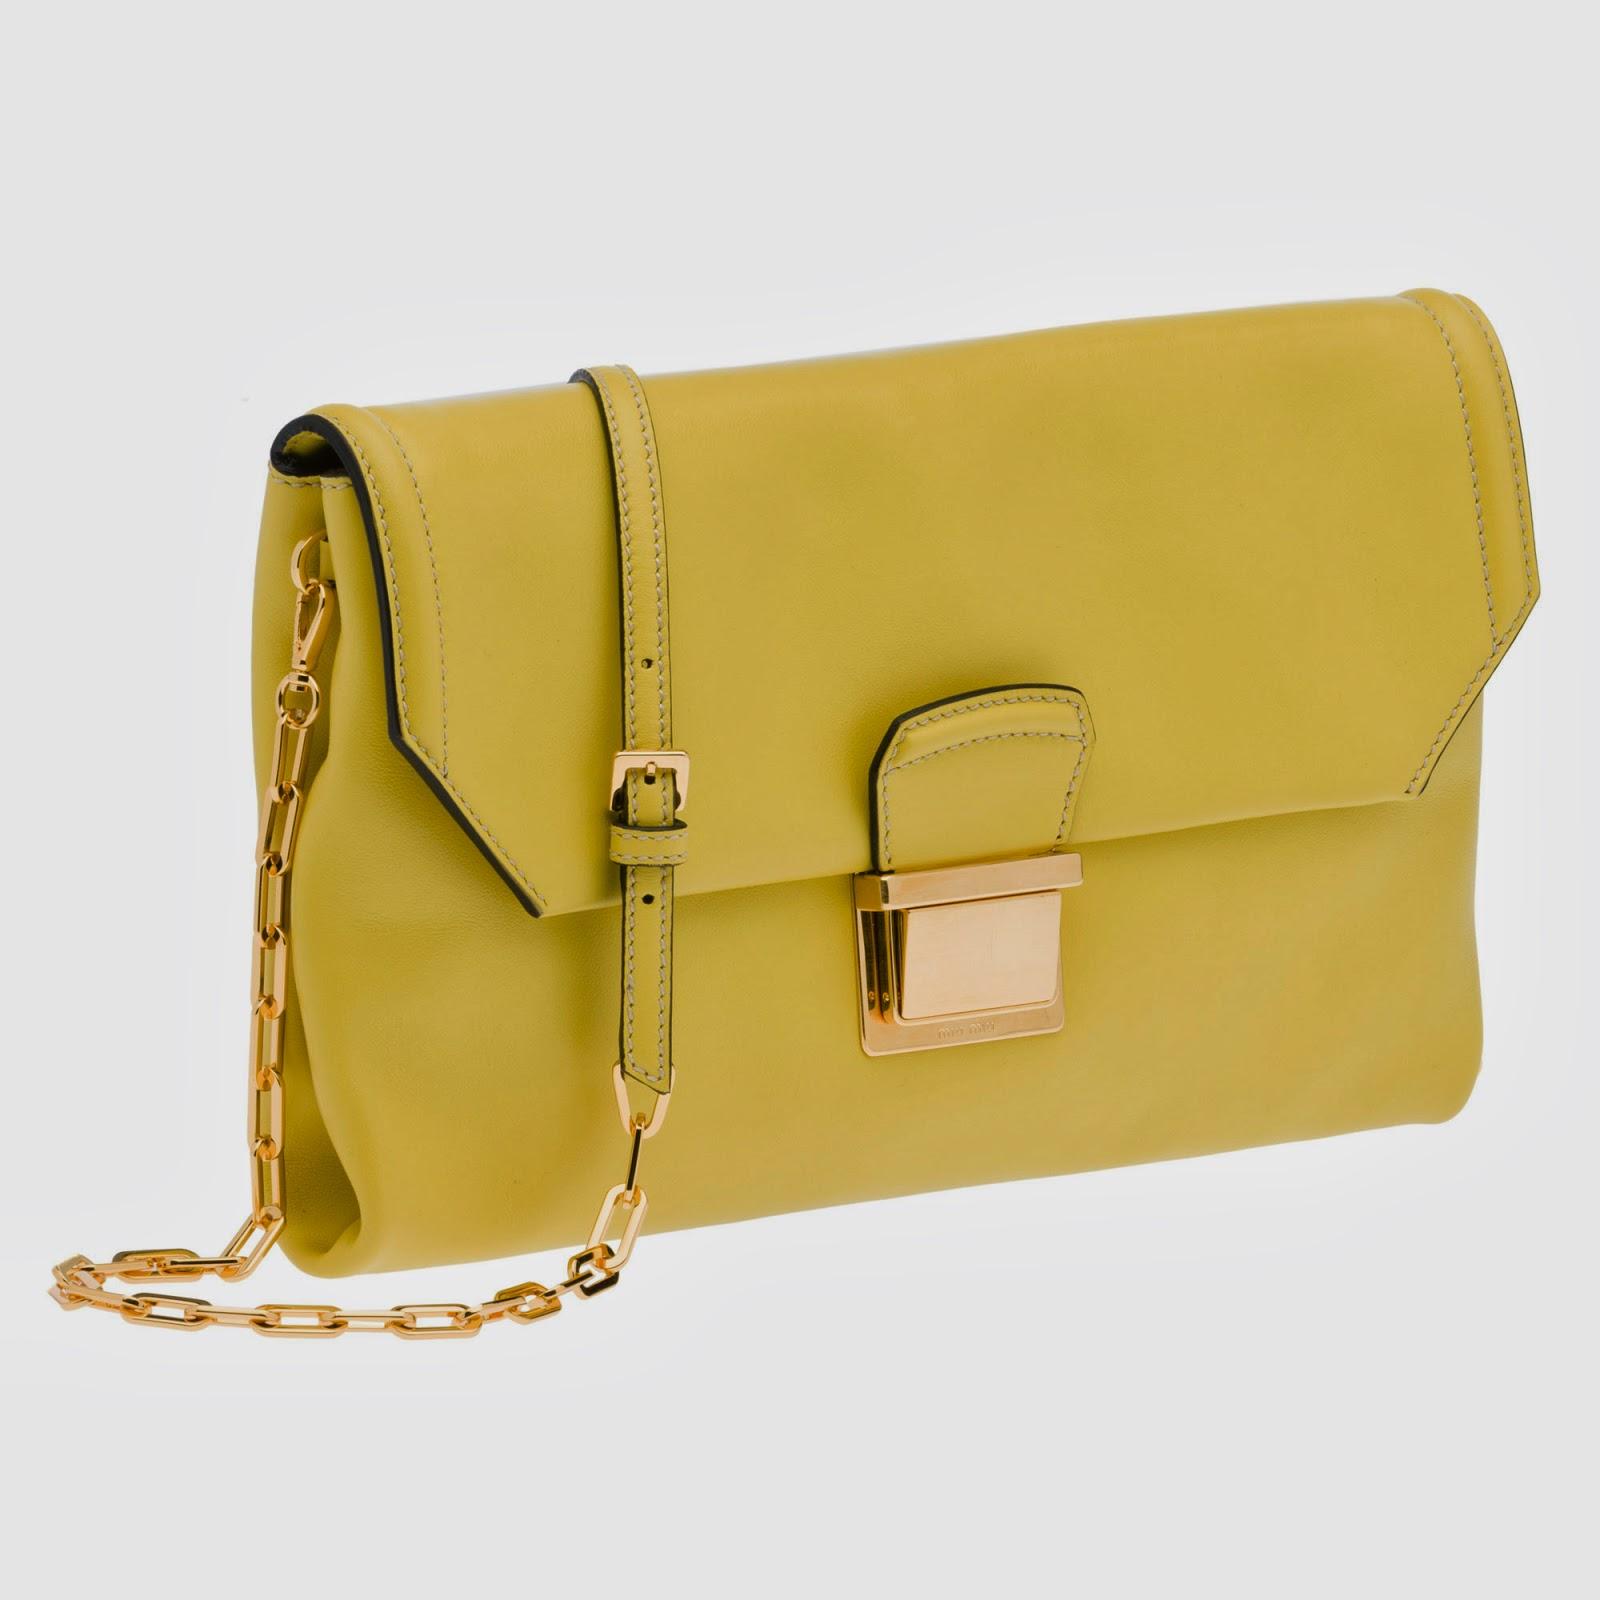 sar%25C4%25B1+omuz+%25C3%25A7antas%25C4%25B1 Miu Miu Herbst Winter 2014 Handtaschen Modelle
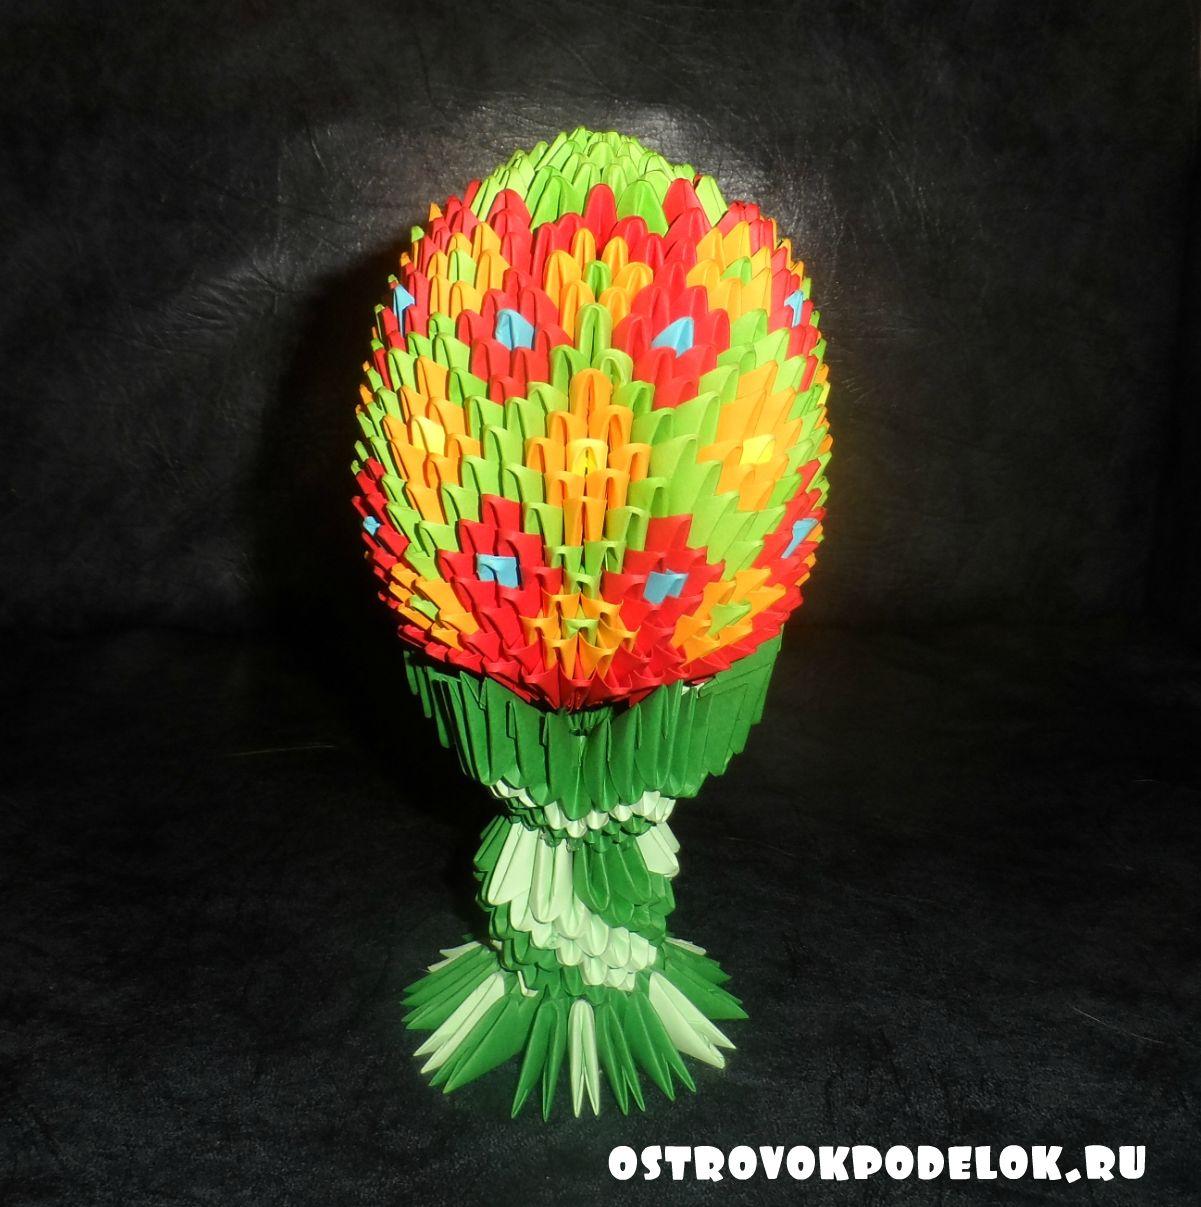 корзина для цветов. модульное оригами, схема.
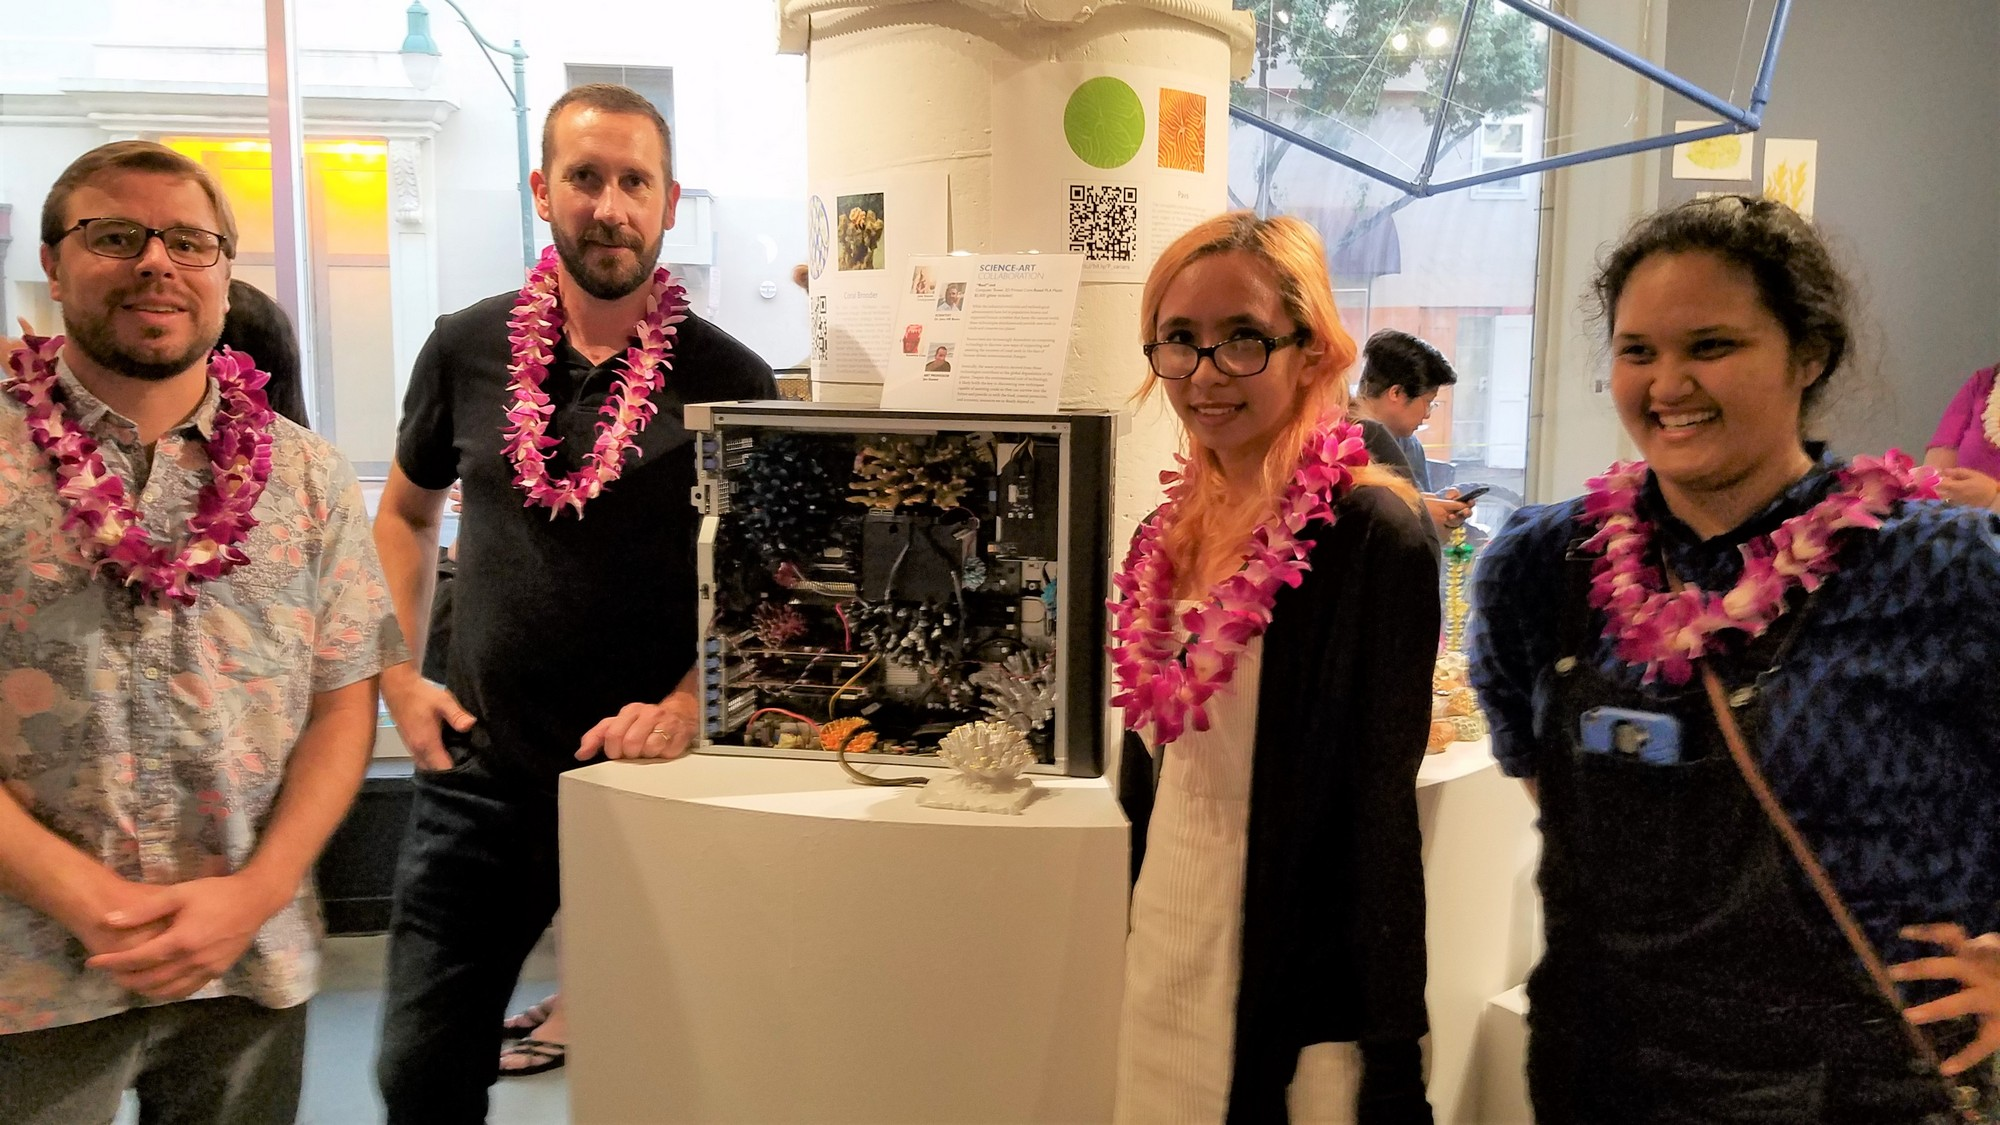 John Burns, Jon Goebel, Jade Kauwe, and Kawelina Cruz stand next to their 3D artwork of corals.
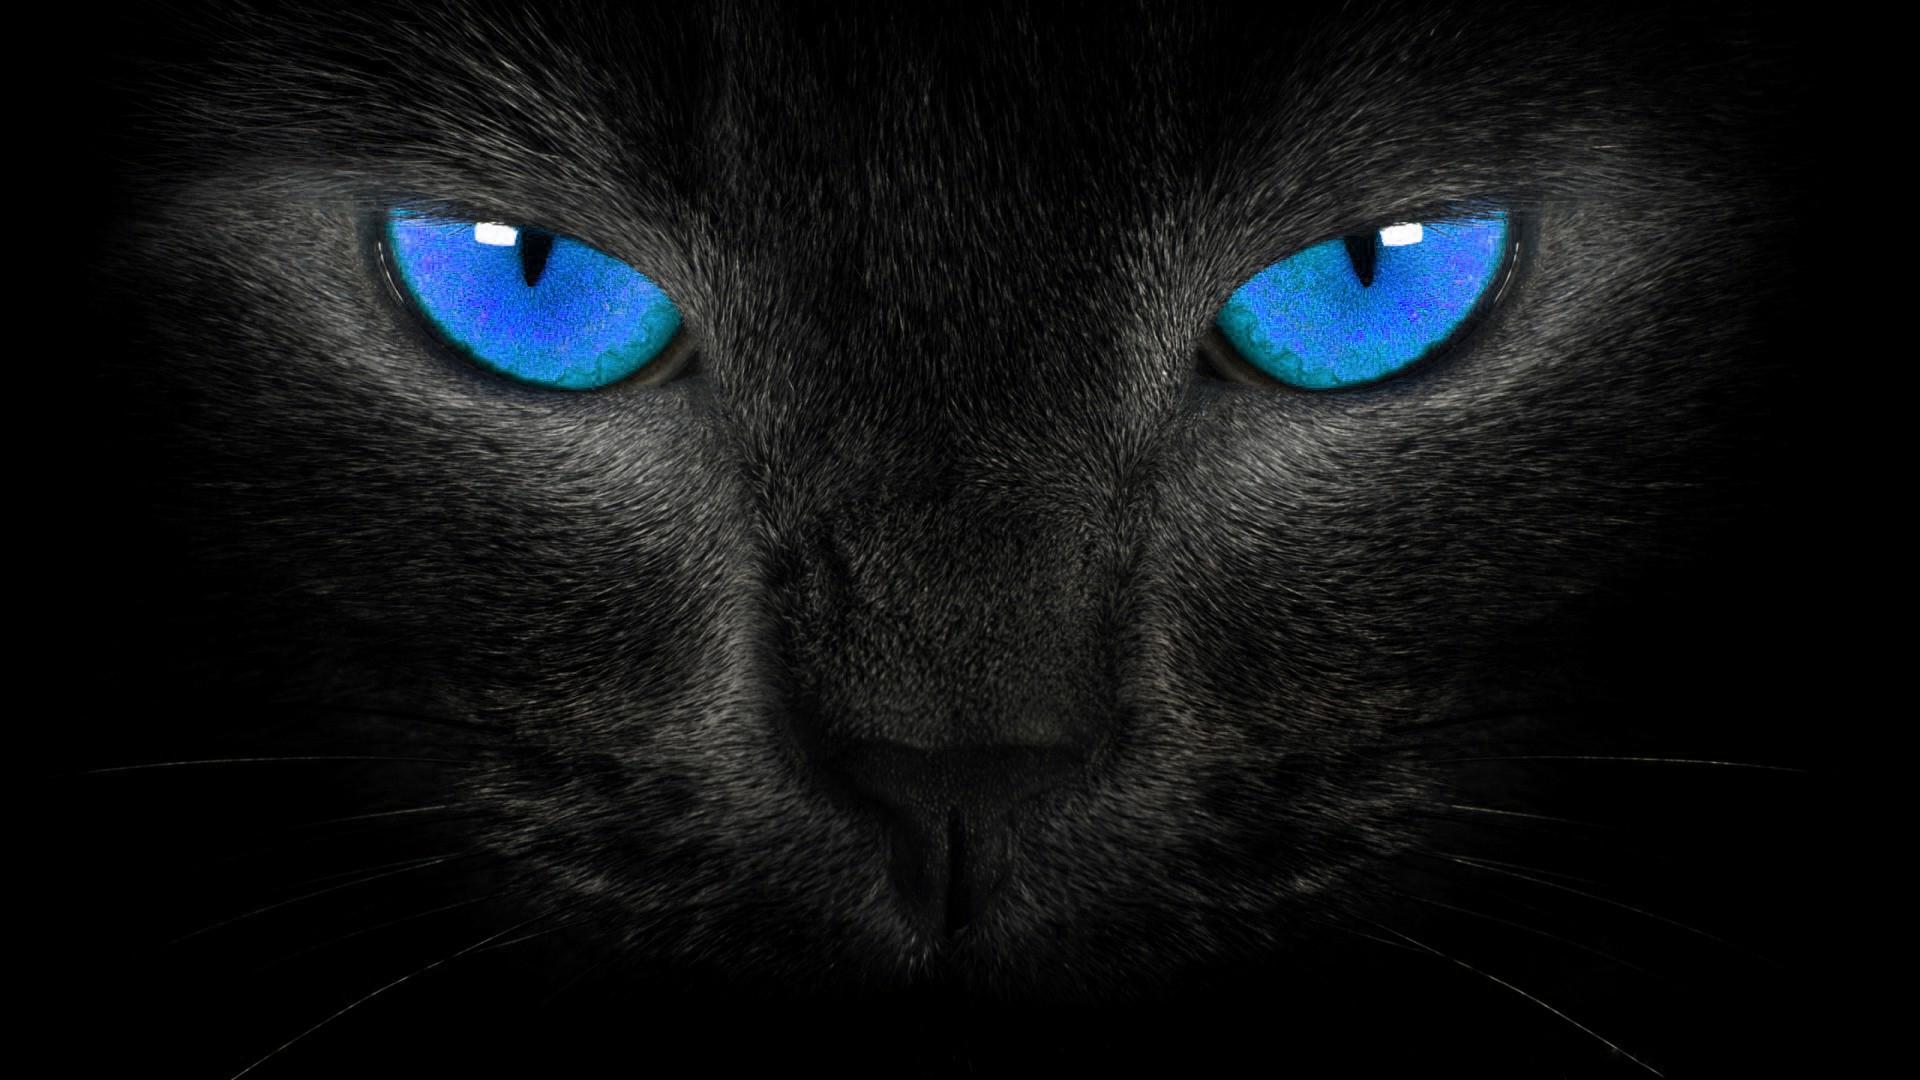 image - hd-wallpapers-blackblue-wallpaper-black-cat-blue-eyes

__Activity__. Copy the whole of the material above exactly, and exclude every picture.

__Solution__.
 sar%25C4%25B1+omuz+%25C3%25A7antas%25C4%25B1 Miu Miu Herbst Winter 2014 Handtaschen Modelle
 корзина для цветов. модульное оригами, схема.
 John Burns, Jon Goebel, Jade Kauwe, and Kawelina Cruz stand next to their 3D artwork of corals.
 image - hd-wallpapers-blackblue-wallpaper-black-cat-blue-eyes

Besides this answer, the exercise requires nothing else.